What I’m Reading (08.26.10)

So gang, it has been a little while since I’ve blogged.  I must admit that it wasn’t an intentional break, at least at first.  But, now that I’m returning to it I’m glad that I took a little time off.  Sometimes, it’s necessary to stop with all the output and allow some time for input, inspiration, and ultimately rest.

Here are a few of the things I’ve been reading and watching lately that have caught my attention.

Afghanistan

1)  “The 72-Hour Expert” by P.J. O’Rourke

The intro is classic O’Rourke and sets the tone for what proves to be a heck of an article on the tragedy of Afghanistan, the kind of tragedy that you have to sometimes laugh at lest you break down and weep.

If you spend 72 hours in a place you’ve never been, talking to people whose language you don’t speak about social, political, and economic complexities you don’t understand, and you come back as the world’s biggest know-it-all, you’re a reporter.  Either that or you’re President Obama.  I called my wife. She said, no, she certainly is not vacationing at government expense in some jet-set hot spot with scads of her BFFs.  Looks like I’m not President Obama.  But I am a reporter, fresh from Kabul.  What do you want to know about Afghanistan, past, present, or future?  Ask me anything.

On traditionalism,

Traditionalism being one of the things that makes Afghanistan so hard for Americans to understand.  We Americans have so many traditions.  For instance our political traditions date back to the 12th-century English Parliament if not to the Roman Senate.  Afghans, on the other hand, have had the representative democracy kind of politics for only six years.  Afghanistan’s political traditions are just beginning to develop.  A Pashtun tribal leader told me that a “problem among Afghan politicians is that they do not tell the truth.”  It’s a political system so new that that needed to be said out loud.

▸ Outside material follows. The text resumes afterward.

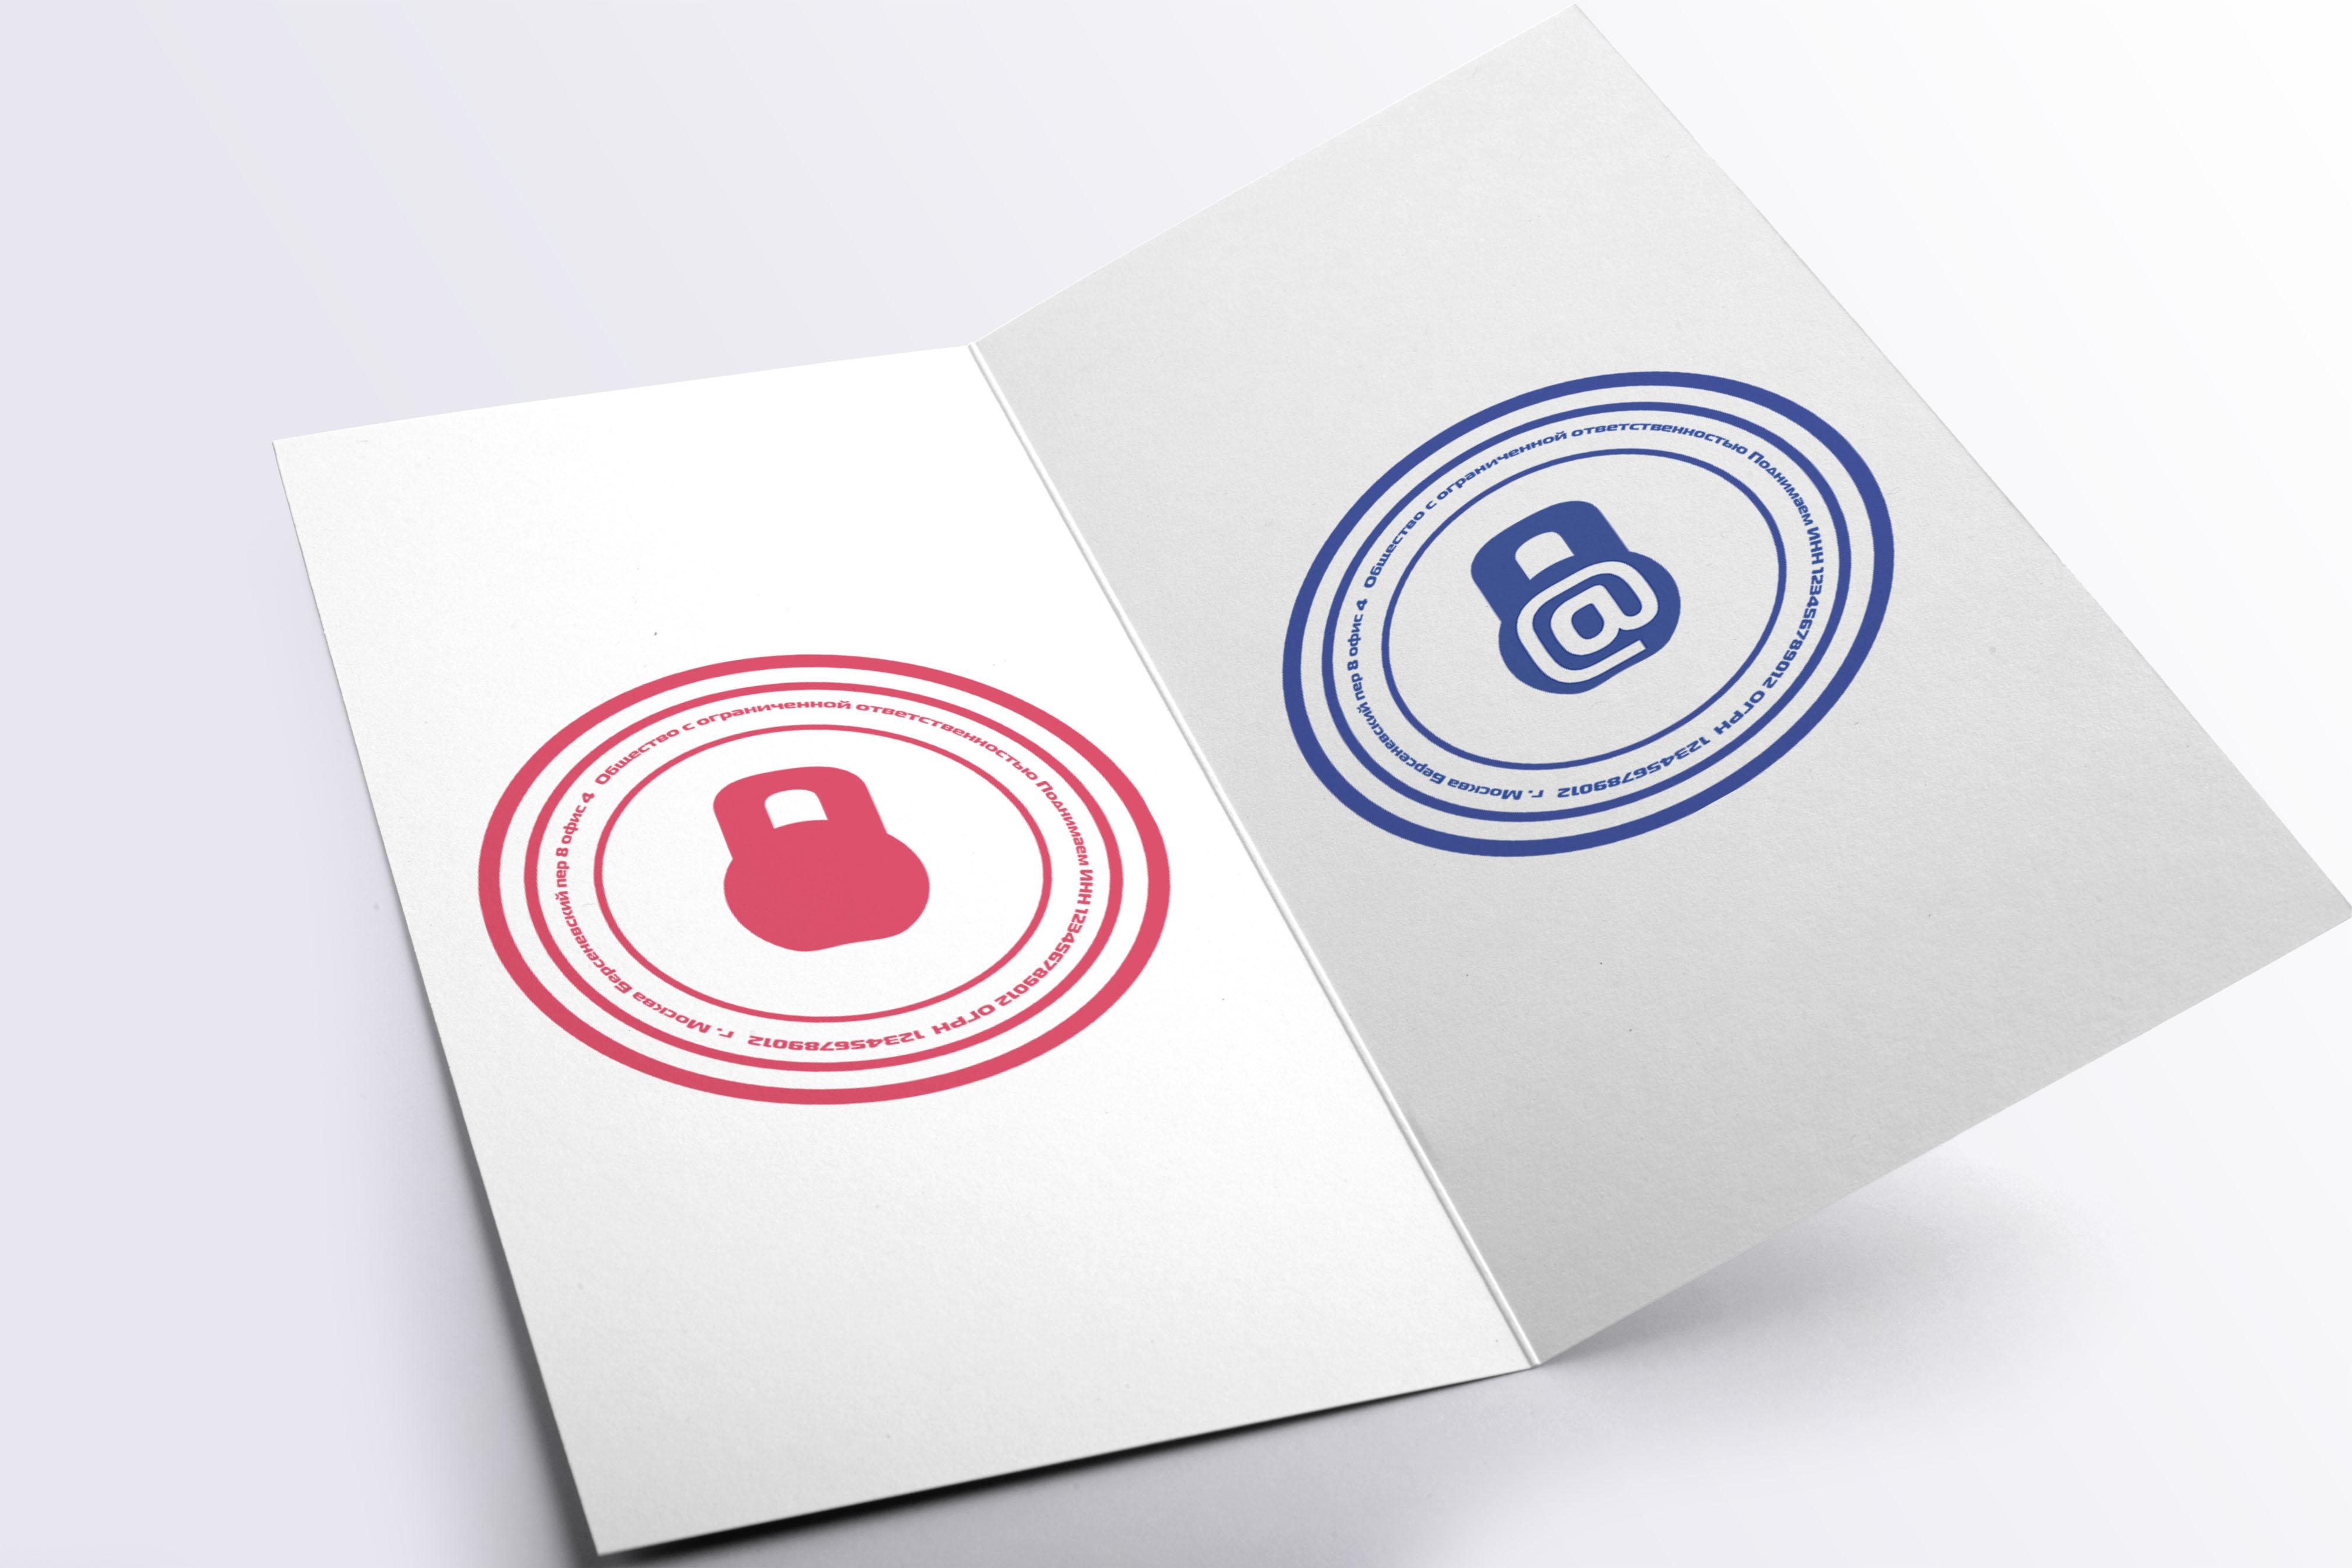 Разработать логотип + визитку + логотип для печати ООО +++ фото f_9475546ca36d7996.jpg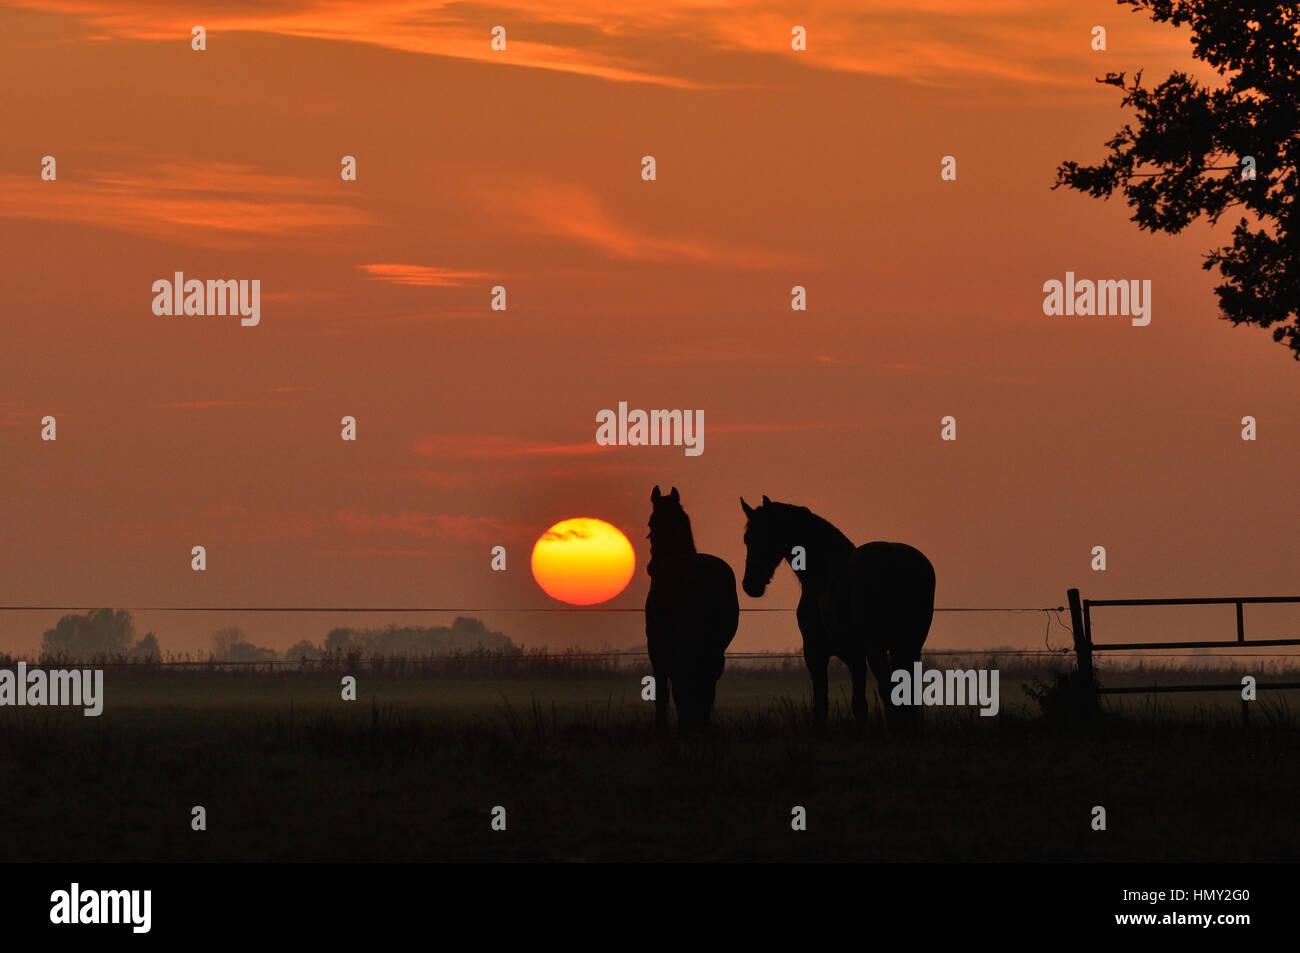 Zwei Pferde in einem Feld bei Sonnenuntergang Stockbild

The Pashtun tribal leader was one of a number of people that Amin arranged for me to interview.  Tribalism is another thing that makes Afghanistan hard to understand.  We Americans are probably too tribal to grasp the subtlety of Afghan tribal concepts.

The Pashtun tribal leader was joined by a Turkmen tribal leader who has a Ph.D. in sociology.  I asked the Turkmen tribal leader about the socioeconomic, class, and status aspects of Afghan tribalism.

“No tribe is resented for wealth,” he said. So, right off the bat, Afghans show greater tribal sophistication than Americans. There is no Wall Street Tribe upon which the Afghan government can blame everything.

The reality of why hearts and minds may be a big illusion,

We’re outsiders in Afghanistan, and this is Occam’s razor for explaining the Taliban.  Imagine if America were a country beset with all sorts of intractable difficulties.  Or don’t imagine it—America is a country beset with all sorts of intractable difficulties.  Our government is out of control, wantonly interfering in every aspect of our private lives and heedlessly squandering our national treasure at a time when Americans are suffering grave economic woes.  Meanwhile vicious tribal conflicts are being fought for control of America’s culture and way of life.  (I’ve been watching Fox News.)

What if some friendly, well-meaning, but very foreign power, with incomprehensible lingo and outrageous clothes, were to arrive on our shores to set things right?  What if it were Highland Scots?  There they go marching around wearing skirts and purses and ugly plaids, playing their hideous bagpipe music, handing out haggis to our kiddies and offending our sensibilities with a lack of BVDs under their kilts.  Maybe they do cut taxes, lower the federal deficit, eliminate the Department of Health and Human Services, and the EPA, give people jobs at their tartan factories and launch a manhunt for Harry Reid and the UC Berkeley faculty.  We still wouldn’t like them.

College Education

2) English Professor’s William Deresiewicz (author of two of my favorite articles on education and leadership) and Mark Edmundson discuss academia and the pressure for college professors to be cool in order to receive better student critiques which are increasingly important for faculty tenure and whether or not this trend is positive for education…among other things. Full Bloggingheads discussion here.

Thinking

3)  “We Are All Talk Radio Hosts” by Jonah Lehrer

Something that has grown in fascination to me over the past few years is how biases influence our thinking.  This article looks at how “overthinking” things can often lead us to poorer decisions as it allows time for the introduction of confirmation bias.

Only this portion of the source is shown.